# USDOT Awards Nearly $1 Billion for CA High-Speed Rail Constructio



## CHamilton (Nov 22, 2011)

U.S. Transportation Secretary LaHood Awards Nearly $1 Billion for California High-Speed Rail Construction


----------



## BigBlueBuddha (Nov 22, 2011)

CHamilton said:


> U.S. Transportation Secretary LaHood Awards Nearly $1 Billion for California High-Speed Rail Construction


Outstanding. Thanks.


----------



## afigg (Nov 22, 2011)

It should be pointed out that this is for funding that was already granted to the CA HSR project. This the formal award and obligation of the funds. By my count, around $3.5 billion has been officially obligated to the CA HSR project which will be very difficult for Congress to take back.

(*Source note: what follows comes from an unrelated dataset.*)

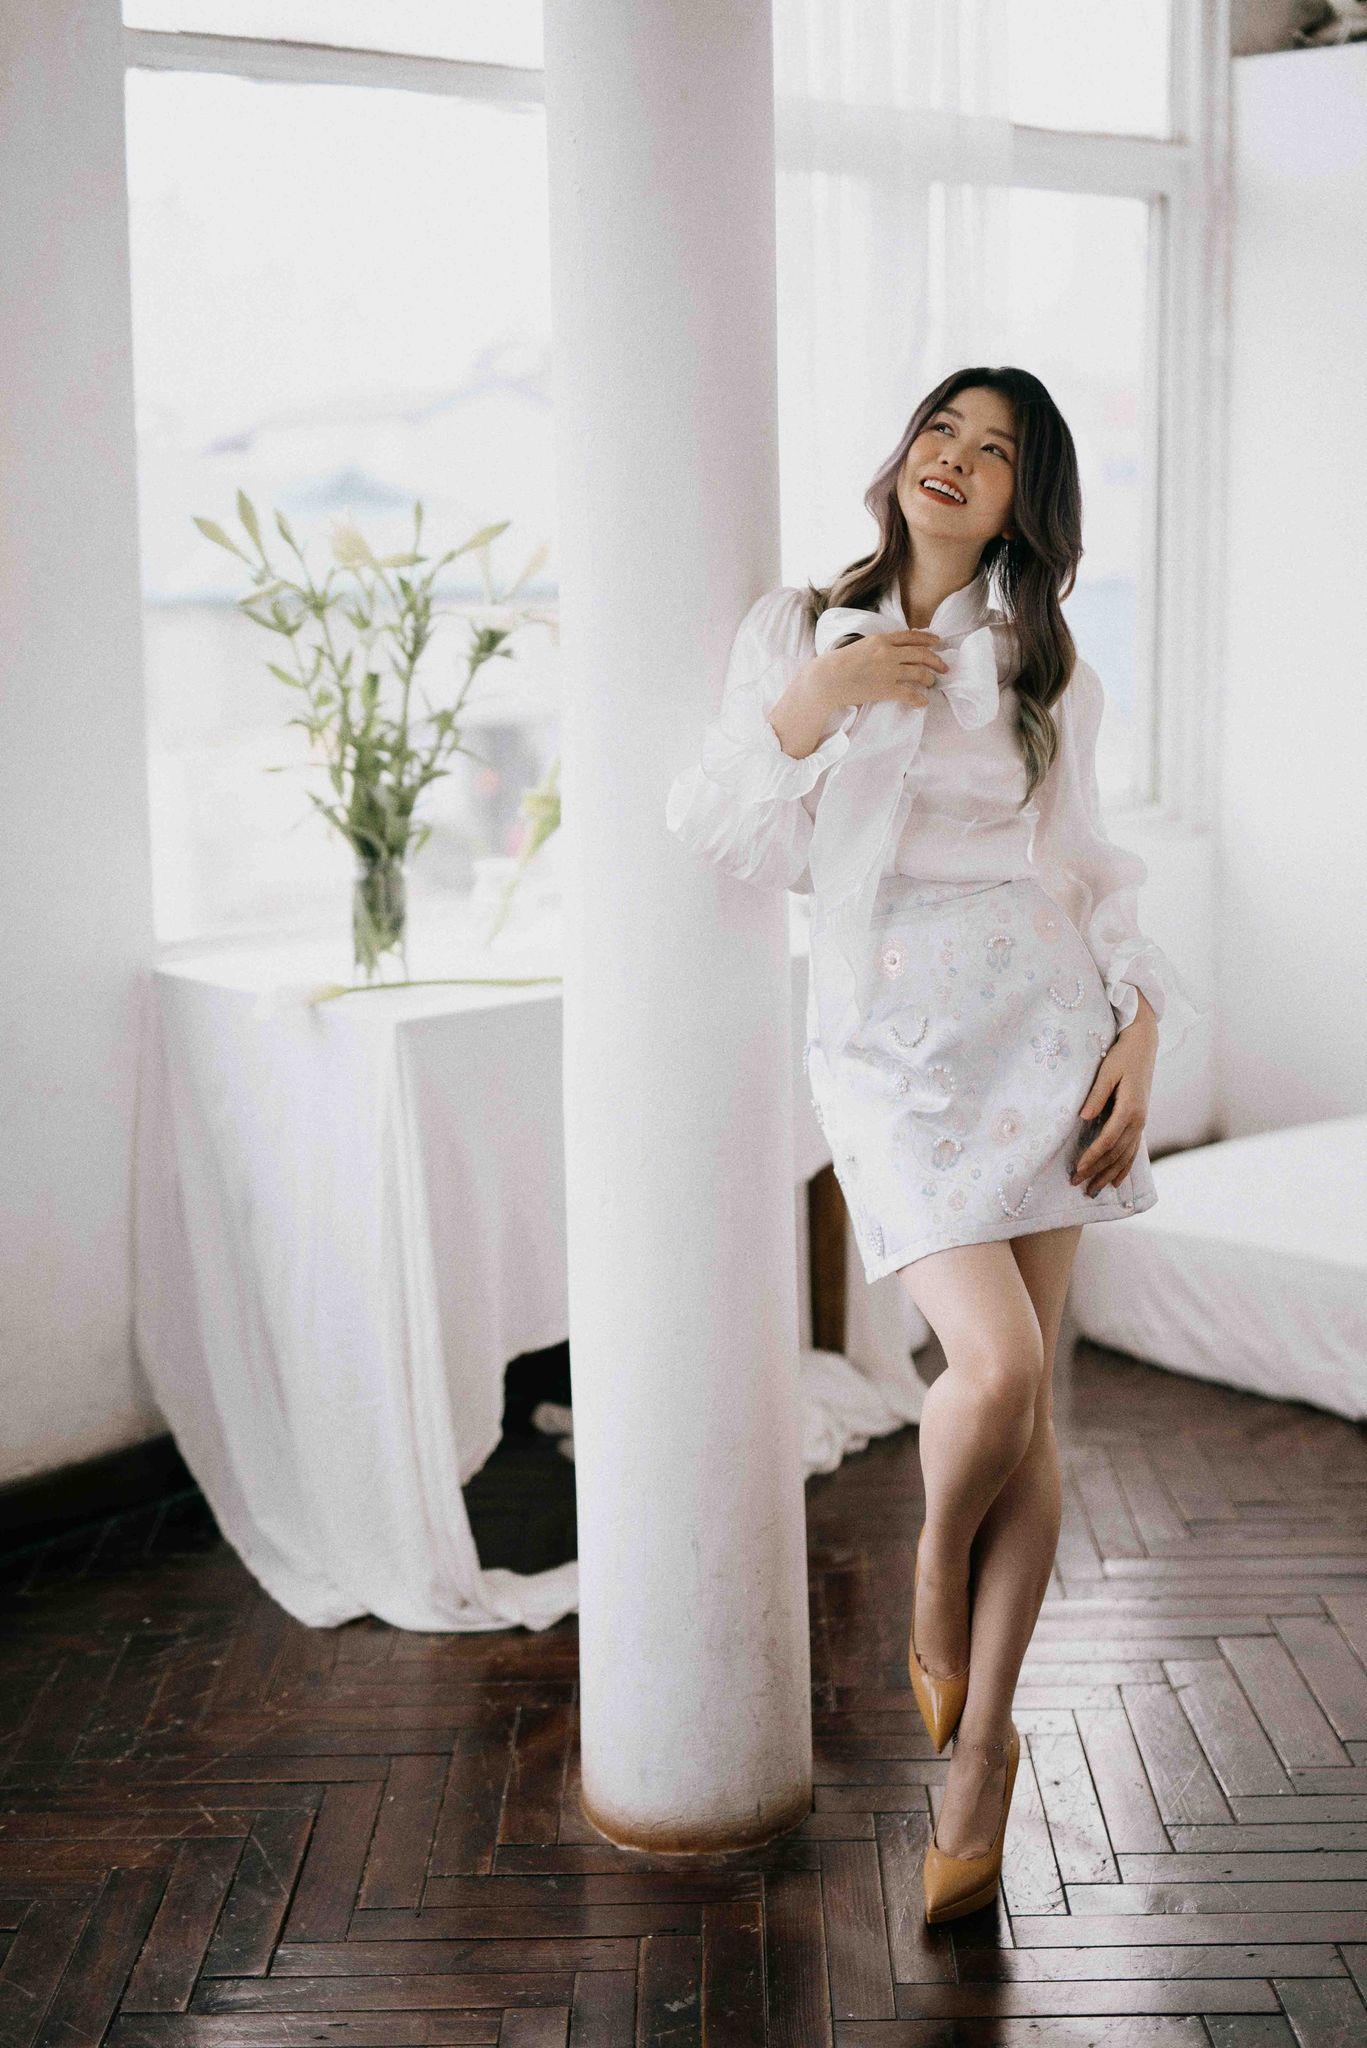 Nhà tạo mẫu tóc Minh Phương hóa 'nàng thơ' trong bộ ảnh mới

CA. Looking at the HSIPR master selection list, there may be another $300 million or so from the FL HSR reallocation to be obligated.

CA also has three hundred plus million obligated in a bunch of smaller project for rolling stock, track work, and engineering for the existing Amtrak corridors which will improve those corridor services.

BTW, the FRA and US DOT were busy today as they also obligated $150 million to Michigan to buy the 135 miles of NS tracks for the Chicago-Detroit/Pontiac corridor.


----------